The principle once understood and practically carried out left little more to be desired - as one would think - but not so.  The flute was found to be wanting in the one great feature of equality - no two notes were alike, some were free and full, others uncertain and feeble.  The low C natural, for example, was a fine note, the D above it weak. As might be expected, this radical defect has, in spite of all endeavours, served for years to lessen its general and popular use; it is not to be supposed but that every possible kind of experiment has been tried for the purpose of reducing the cylinder to a just and equal temperament.  And the inventor himself appears to have been quite as much puzzled as everybody else in arriving at the true causes of the evil; the so-called principle of large and equal-sized holes having struck such deep root into the fancy of modern makers, very great attention was paid to this particular, and all improvements, alterations and experiments appear to have been chiefly directed not to where the evil really lay, in the body of the flute, but to the head-joint alone. 

I have already hinted at the necessity there is that tubes which are made to produce successive musical sounds should have a relative graduation, both in size and length; if we would construct a chain of pipes intended to give out the musical scale, each pipe according to the note assigned it would have to be shorter and smaller, or longer and thicker than its neighbour; in plain words, the diameter of the pipe would have to be changed in proportion to the length.  

A very simple and convincing experiment will prove this.  Let a pipe of any given length be placed in the wind-chest of an organ, whose length and diameter shall be in such a true corresponding ratio, each to other as is necessary for the production of a pure sound; the pipe will then deliver its note, or speak with accuracy and freedom.  Divide this same pipe or tube at its centre in order to get the octave above; the length is now reduced by one-half, but the diameter still remains the same. Adjust this same portion of pipe, as before, in the wind chest, and it will require a double force of wind to make the note speak, and even then the quality of sound elicited will be impure and uncertain.

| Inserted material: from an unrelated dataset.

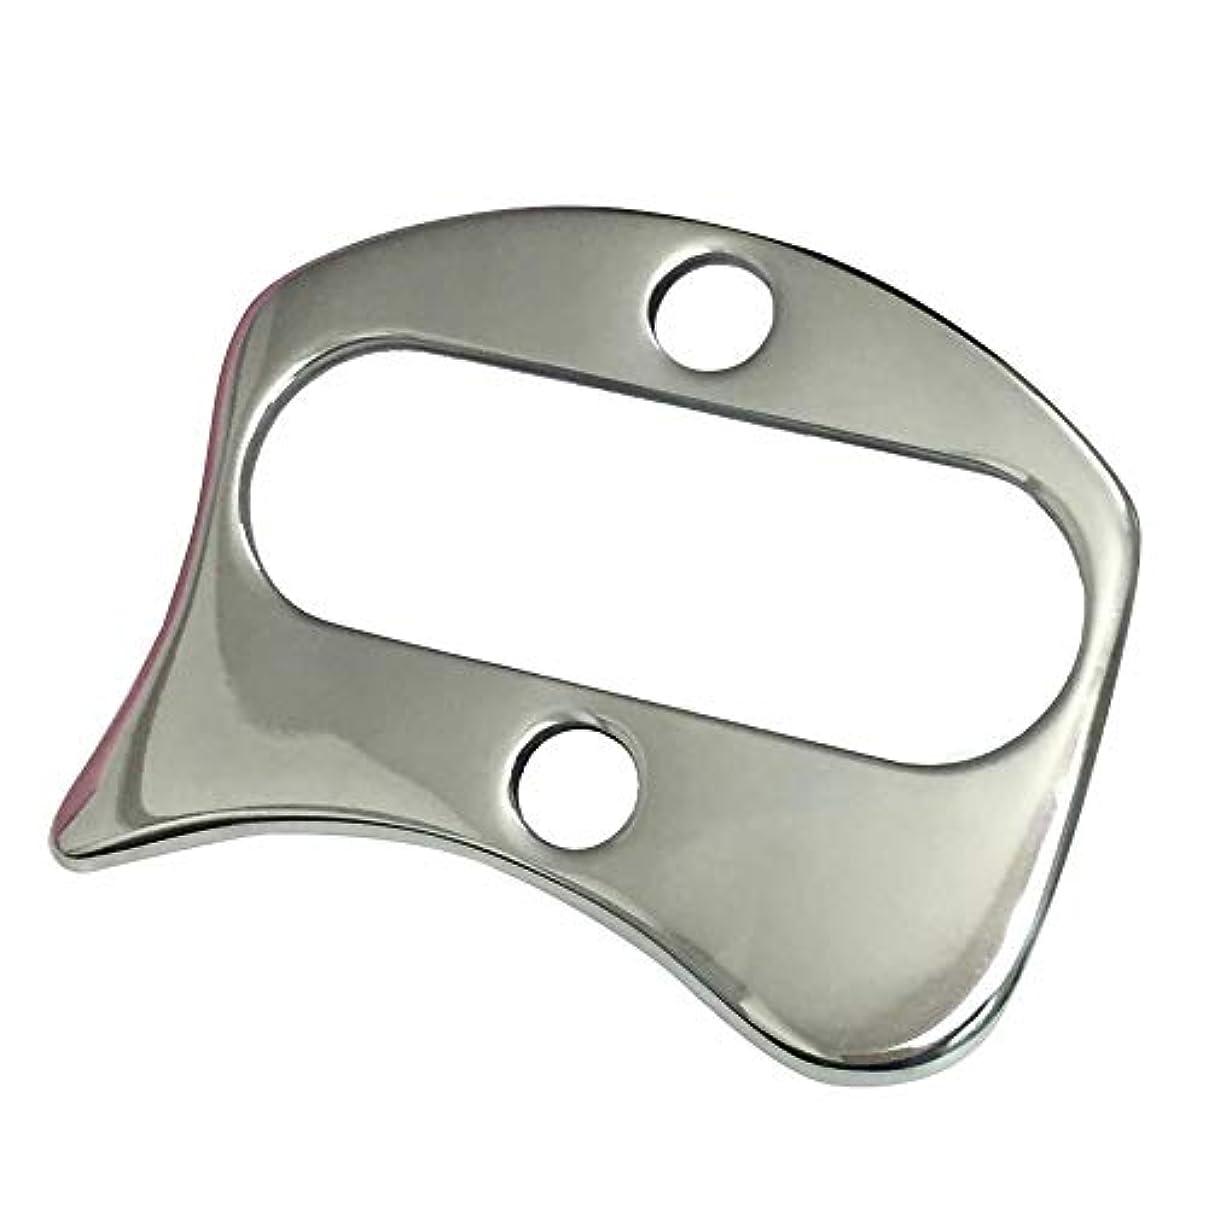 長老望む砂利304ステンレス鋼 筋肉マッサージャー 理学療法 多機能 軟部組織 疼痛緩和 軽減筋膜 健康製品

The result of this experiment is very easily explained.  When the pipe was shortened, it ought at the same time to have been narrowed or constricted in size, in order to have carried out the same conditions as the first one.  Precisely the same principle obtains in all tubes, whether flutes or otherwise, and herein lies the real cause of the failure above mentioned.  

In the first patentee's explanation of the Cylinder Flute, I find the following statement:  " It is also clear that the nearer the holes are in size to the diameter of the tube the freer and finer must be the tone."   Had he said, "divide an organ tube at its centre, and it will give you the octave above," he would have been just as near the truth as he is in the opinion I have quoted; if you cannot by natural means vary the diameter of a cylinder flute, which it is plain you cannot, the statement he hazards as to the propriety of making the holes extend to the edge of the diameter, in order to get a full and freer tone, is plainly contradicted by the organ experiment I have just given. 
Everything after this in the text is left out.